[Start of Attachment]
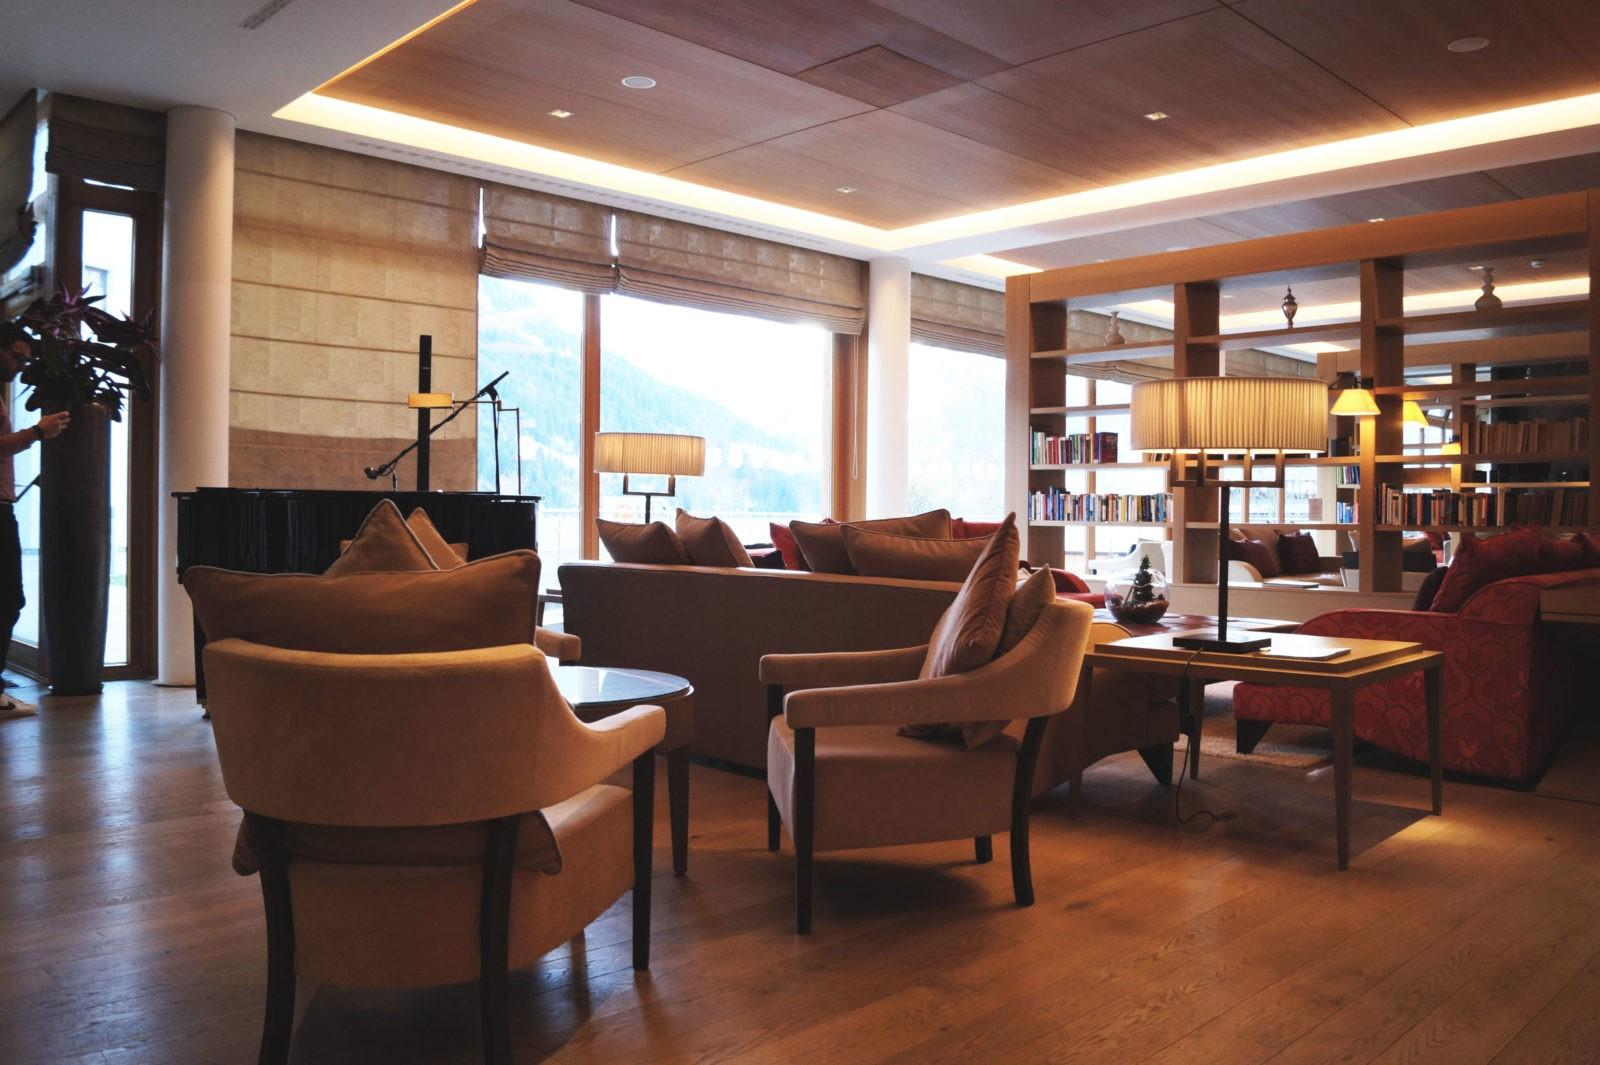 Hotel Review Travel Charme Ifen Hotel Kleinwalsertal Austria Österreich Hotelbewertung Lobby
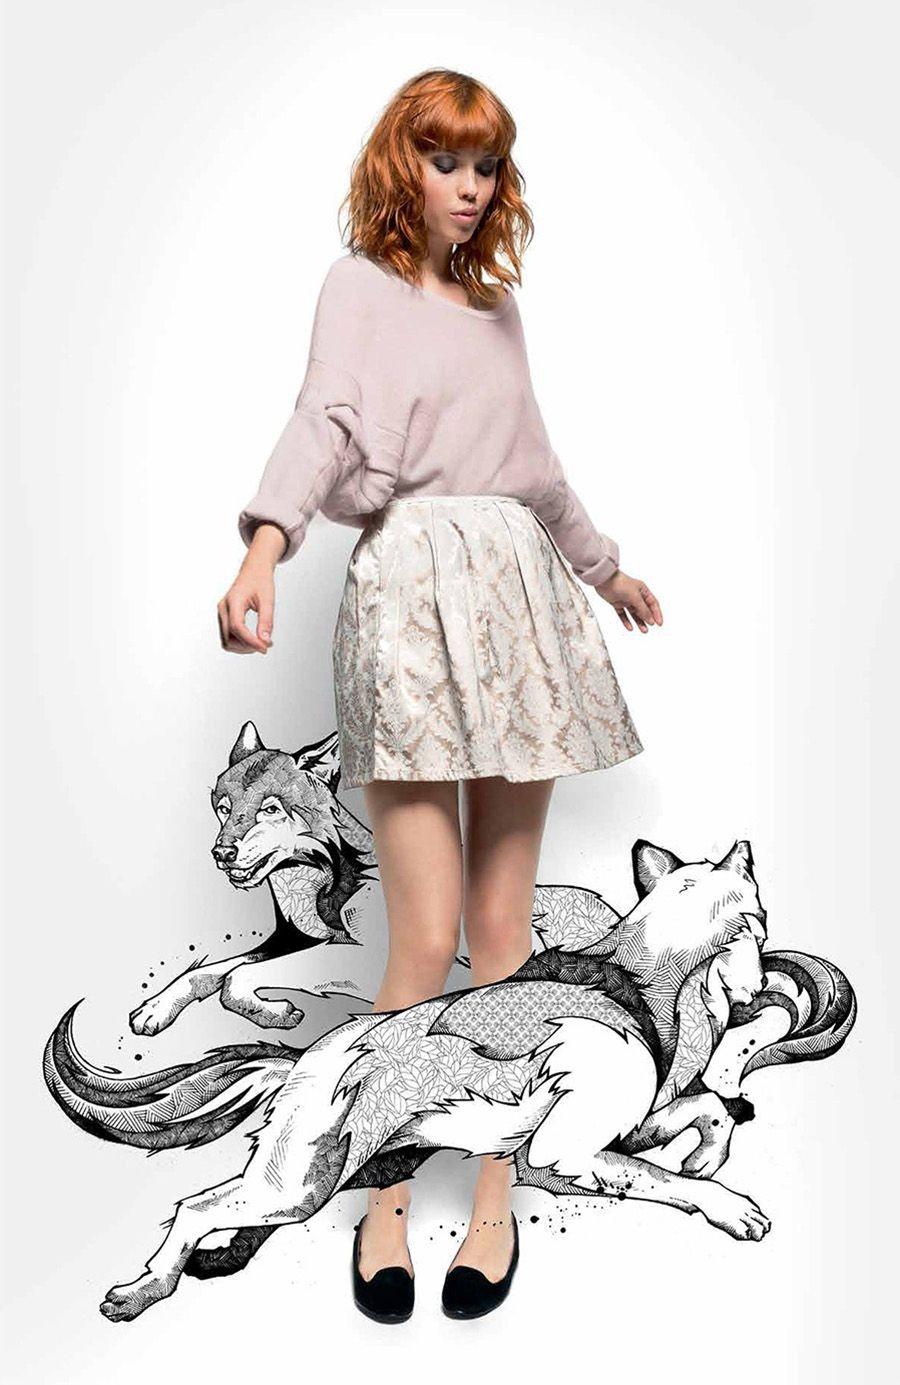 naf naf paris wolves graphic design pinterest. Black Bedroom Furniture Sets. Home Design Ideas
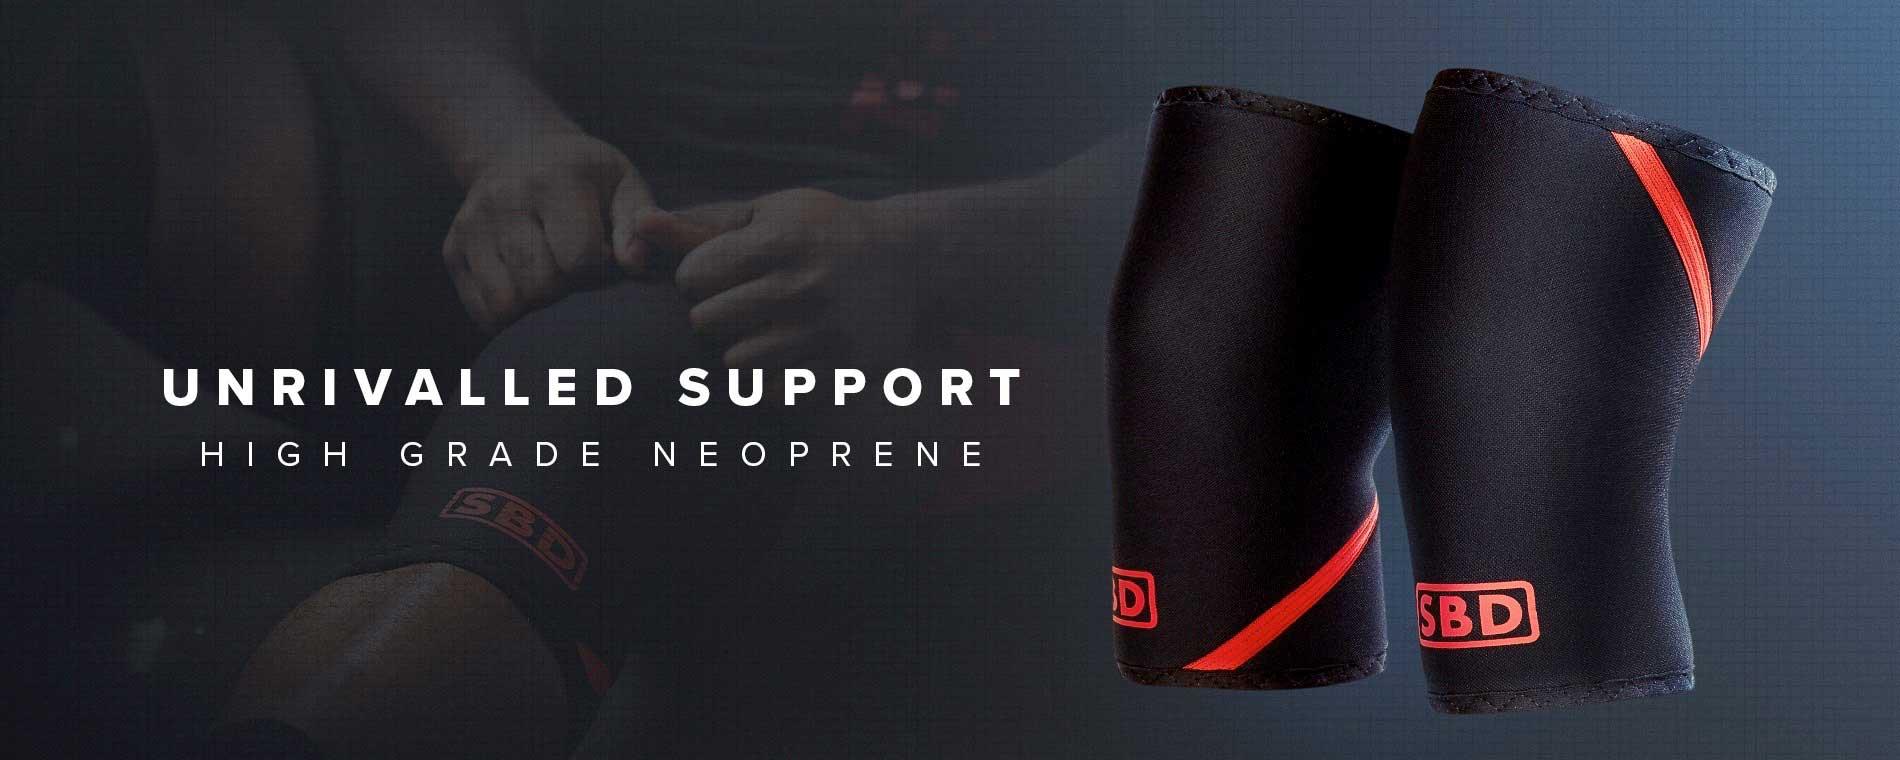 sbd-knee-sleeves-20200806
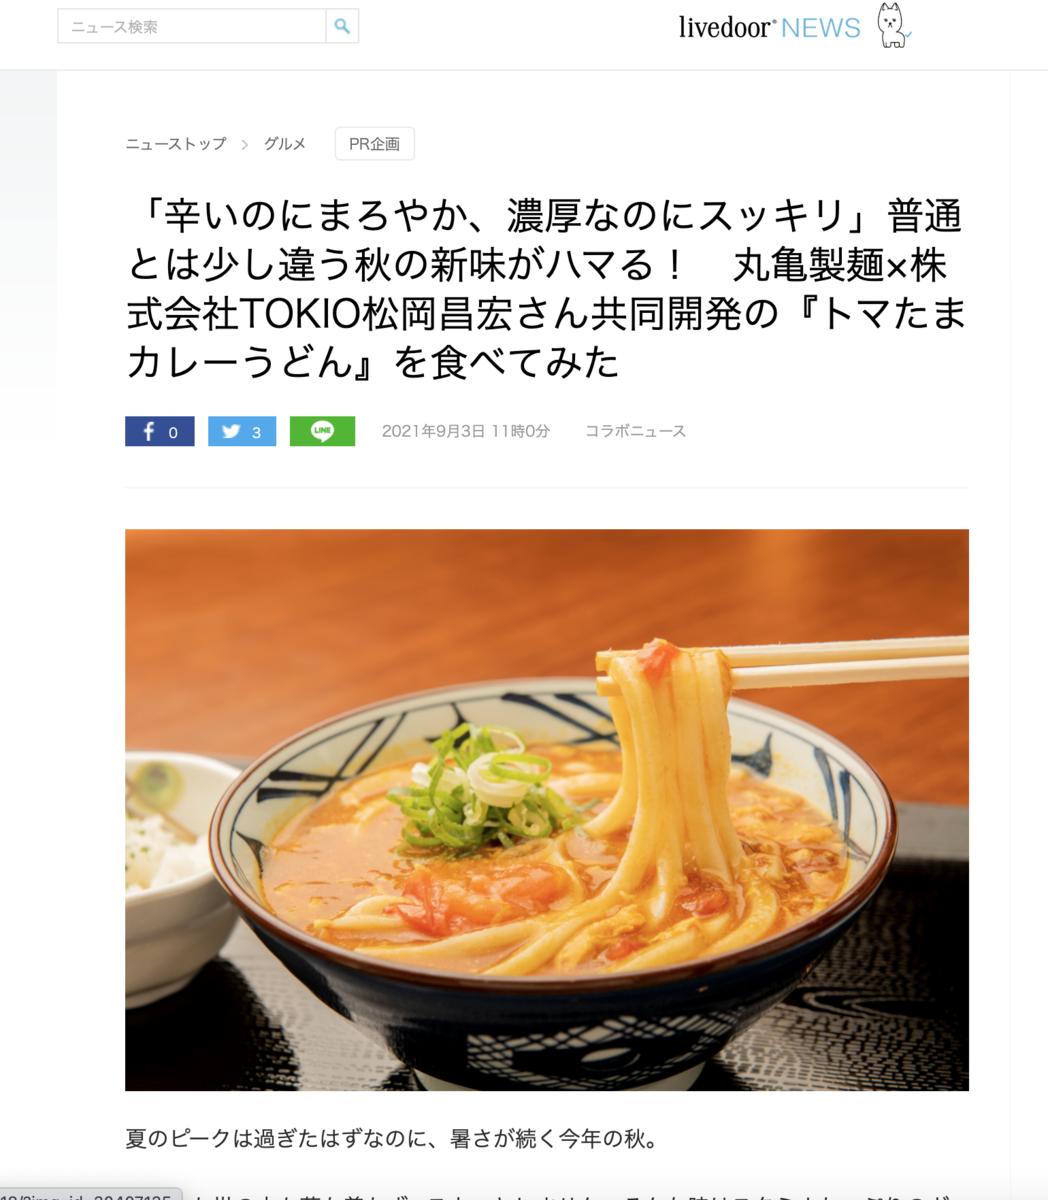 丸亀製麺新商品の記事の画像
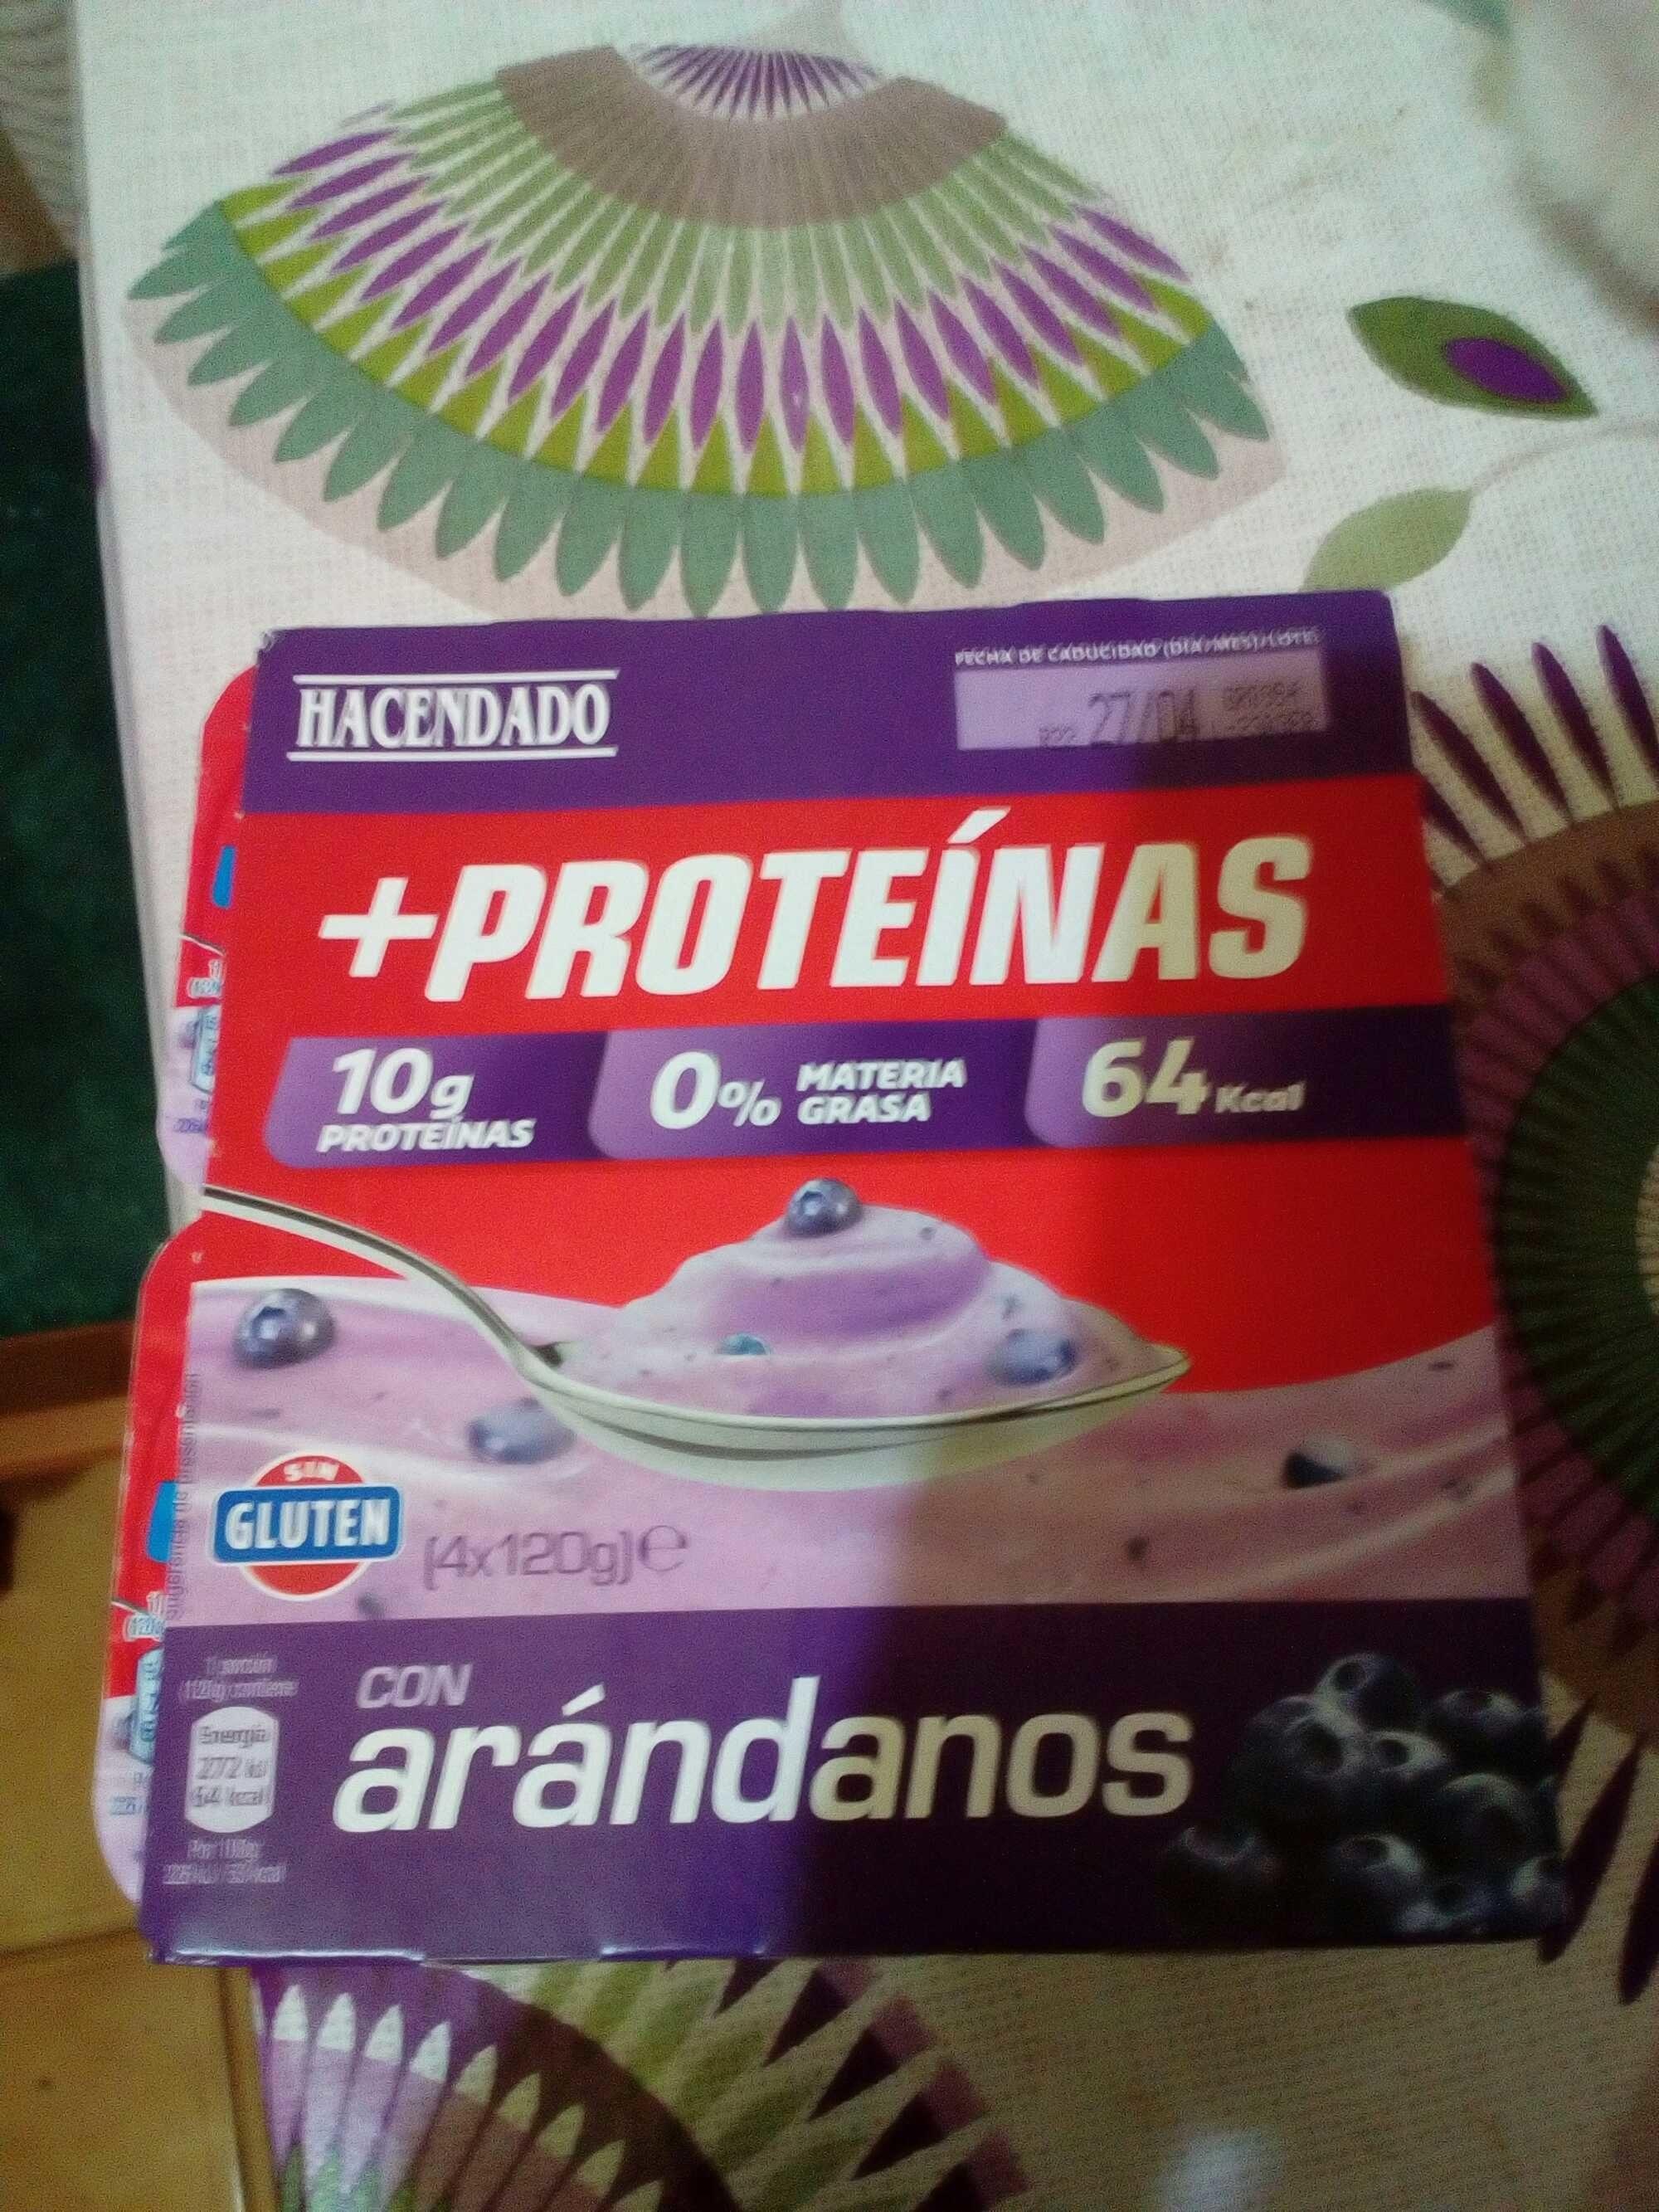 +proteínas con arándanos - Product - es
[End of Attachment]
> **Task objective**: Repeat each entry above exactly, passing over any images.

> **Solution**:
 Hotel Review Travel Charme Ifen Hotel Kleinwalsertal Austria Österreich Hotelbewertung Lobby
 naf naf paris wolves graphic design pinterest. Black Bedroom Furniture Sets. Home Design Ideas
 sbd-knee-sleeves-20200806
 丸亀製麺新商品の記事の画像
 +proteínas con arándanos - Product - es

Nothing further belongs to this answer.